**YOUR INSTRUCTIONS:** In the listing below, the lines starting at the line with "Boxe, intervista esclusiva" and ending at the line with "Outerstuff Brady Tkachuk" are to be output verbatim. Images stay out of the copy.

**EXERCISE DATA:**

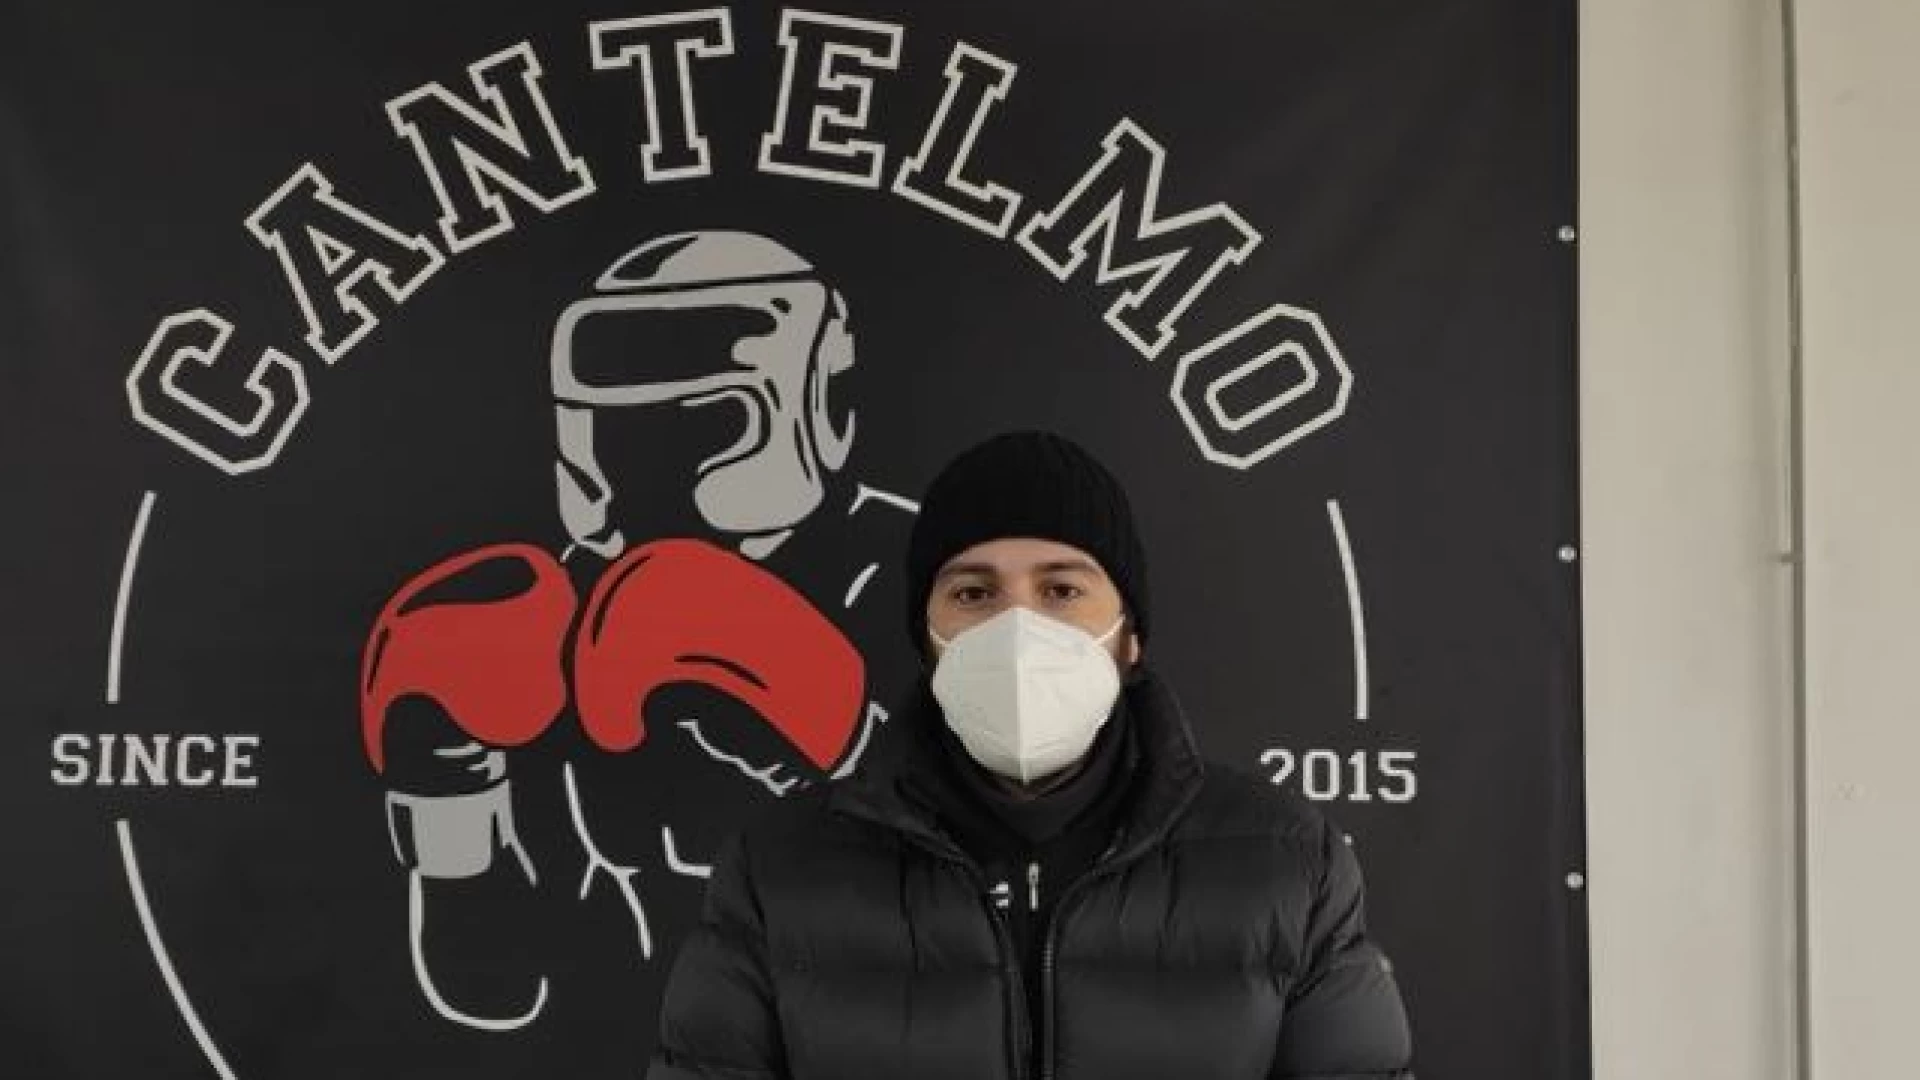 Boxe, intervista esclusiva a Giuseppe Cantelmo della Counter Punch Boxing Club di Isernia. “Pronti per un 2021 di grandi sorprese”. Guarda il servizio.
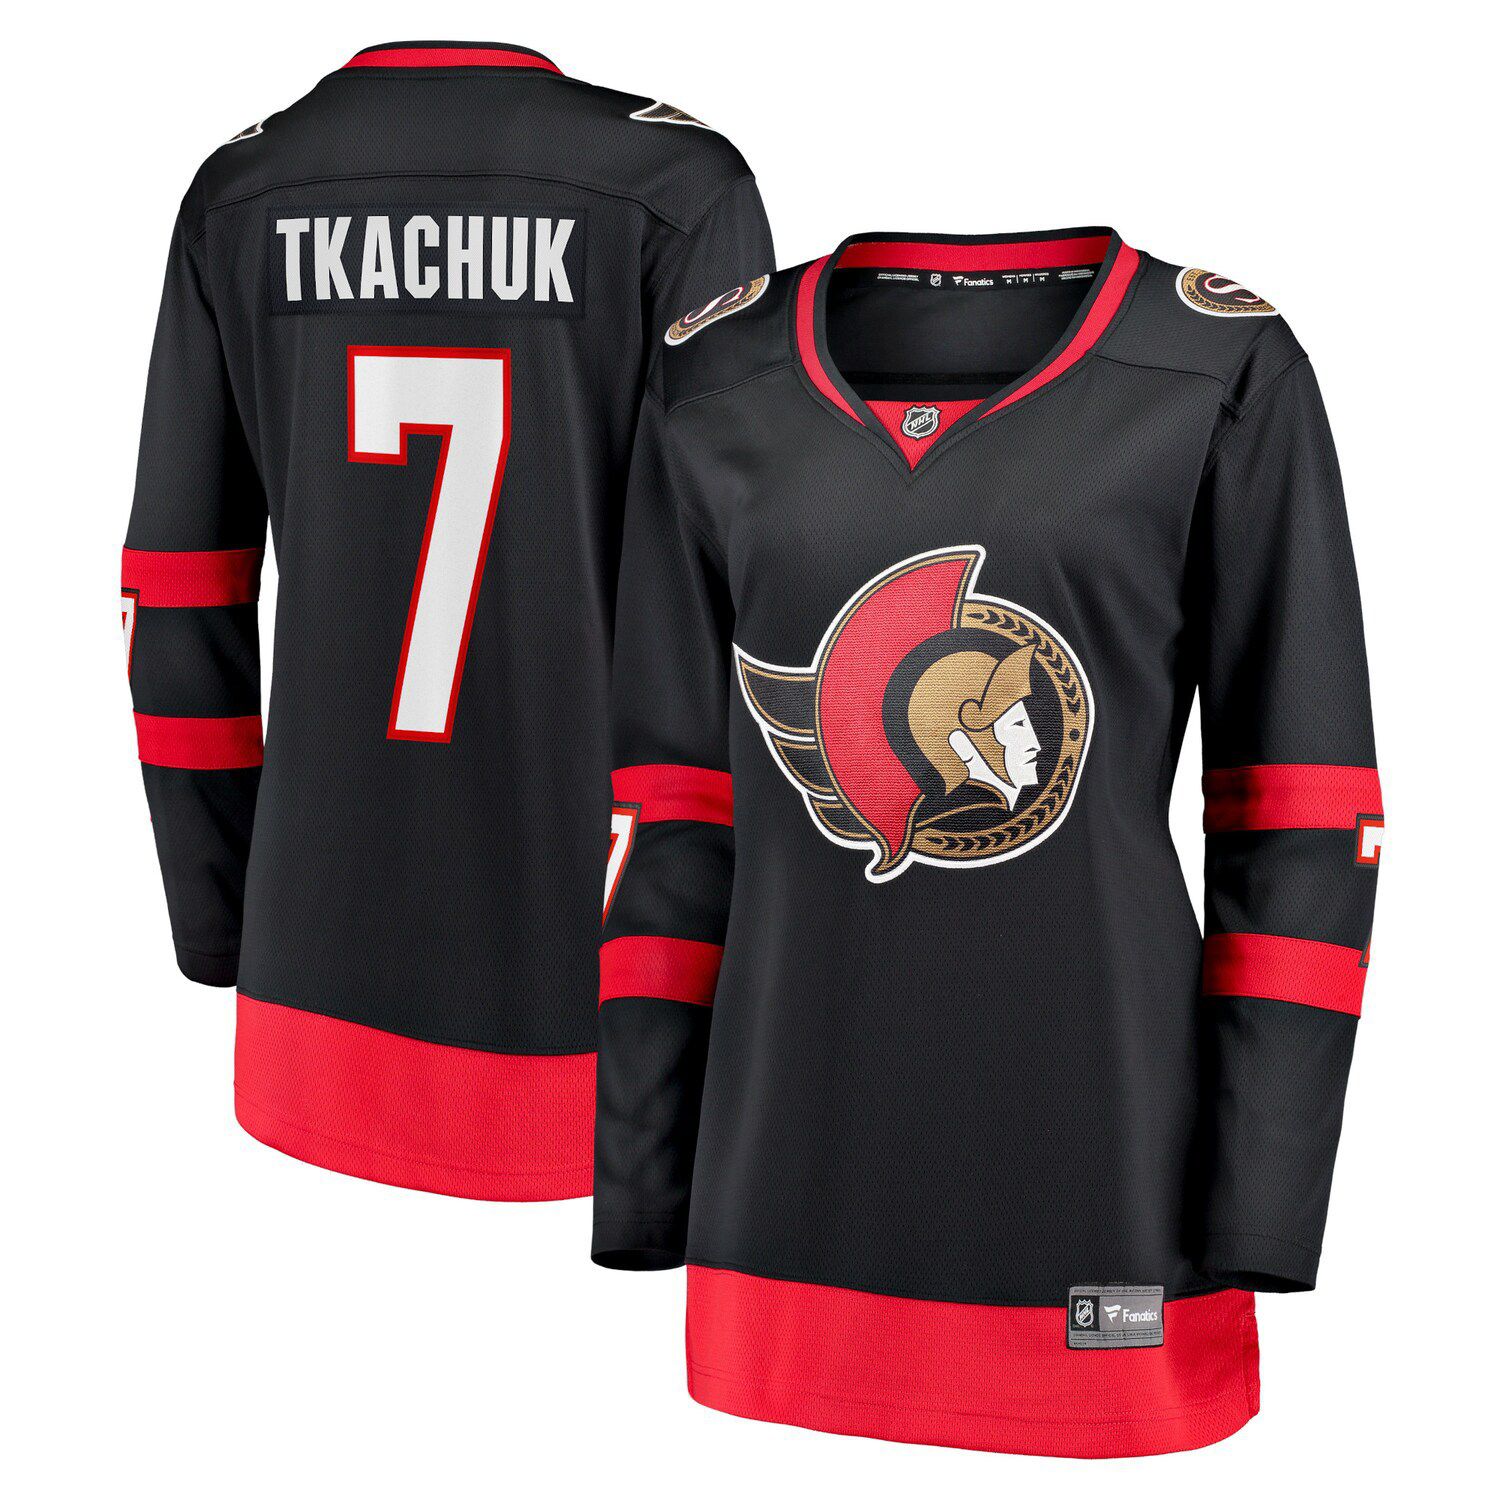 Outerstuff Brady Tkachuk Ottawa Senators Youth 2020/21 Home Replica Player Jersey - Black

==

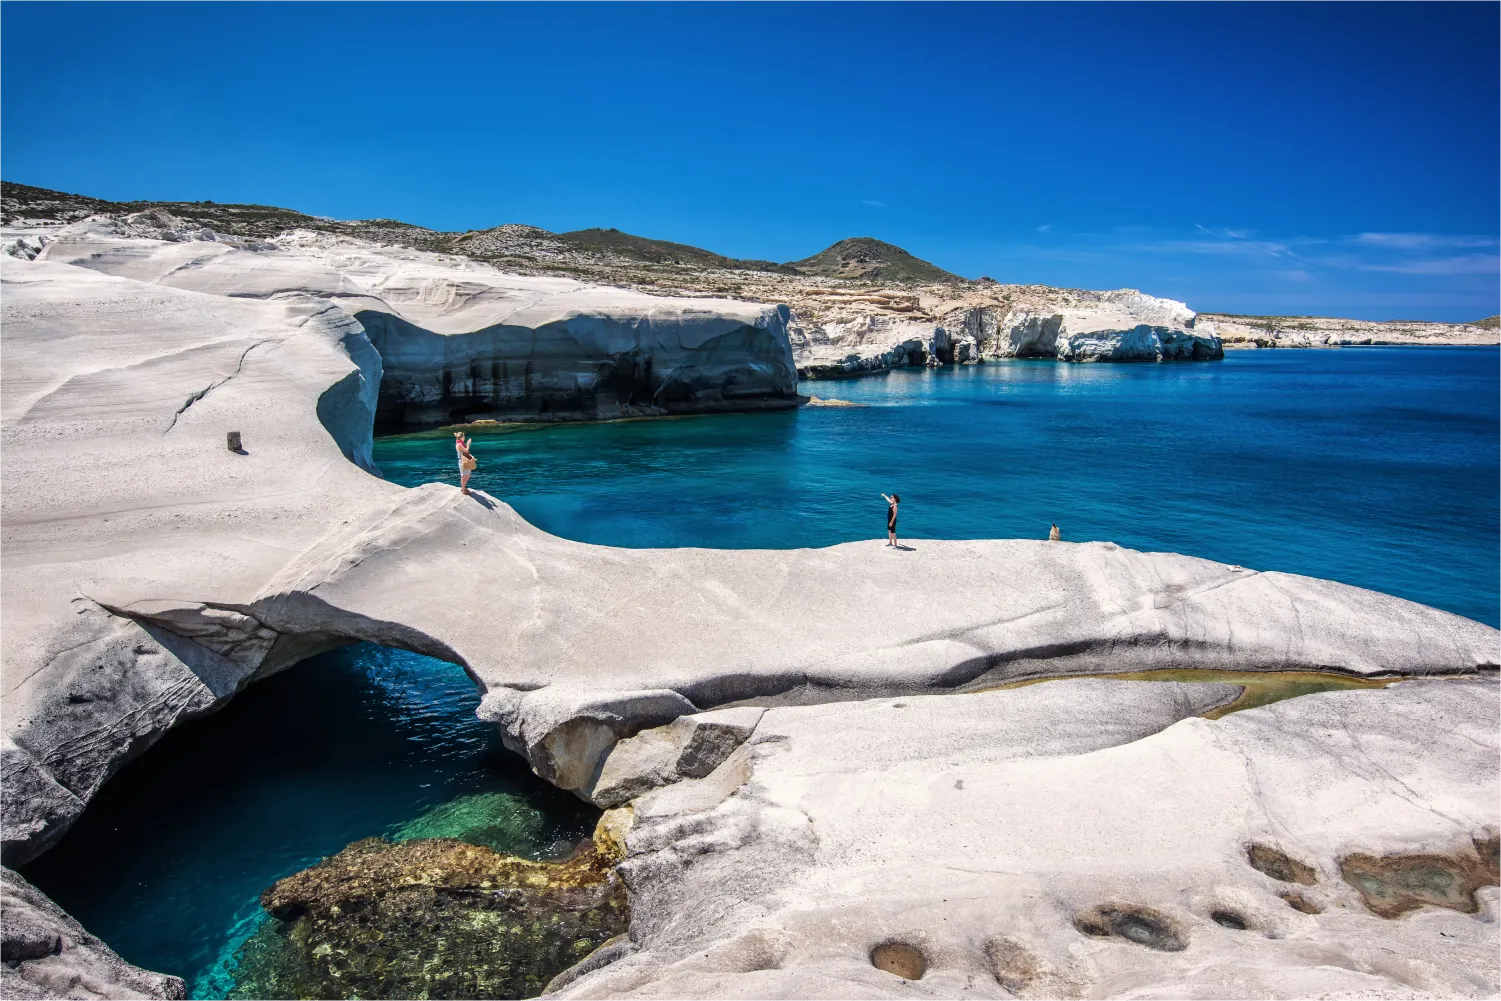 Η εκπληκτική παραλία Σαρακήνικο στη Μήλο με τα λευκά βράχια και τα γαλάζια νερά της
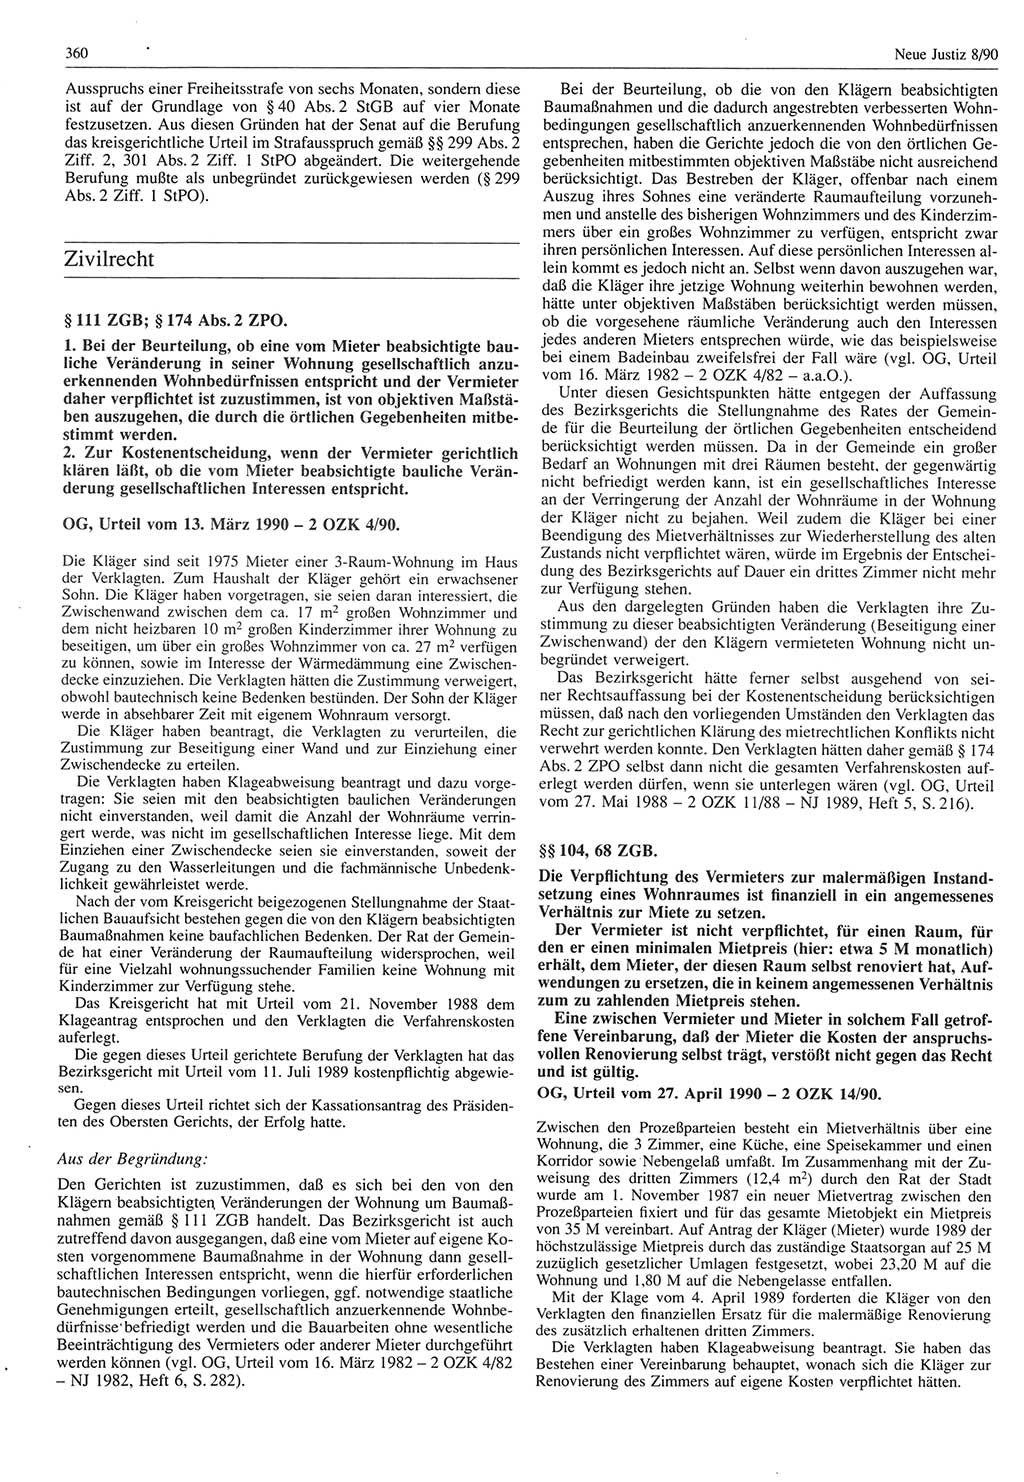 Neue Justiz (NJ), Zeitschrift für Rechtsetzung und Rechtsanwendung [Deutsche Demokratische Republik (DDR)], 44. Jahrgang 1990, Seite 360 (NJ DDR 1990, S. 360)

**SOLVED PROBLEM:**
 Boxe, intervista esclusiva a Giuseppe Cantelmo della Counter Punch Boxing Club di Isernia. “Pronti per un 2021 di grandi sorprese”. Guarda il servizio.
 Outerstuff Brady Tkachuk Ottawa Senators Youth 2020/21 Home Replica Player Jersey - Black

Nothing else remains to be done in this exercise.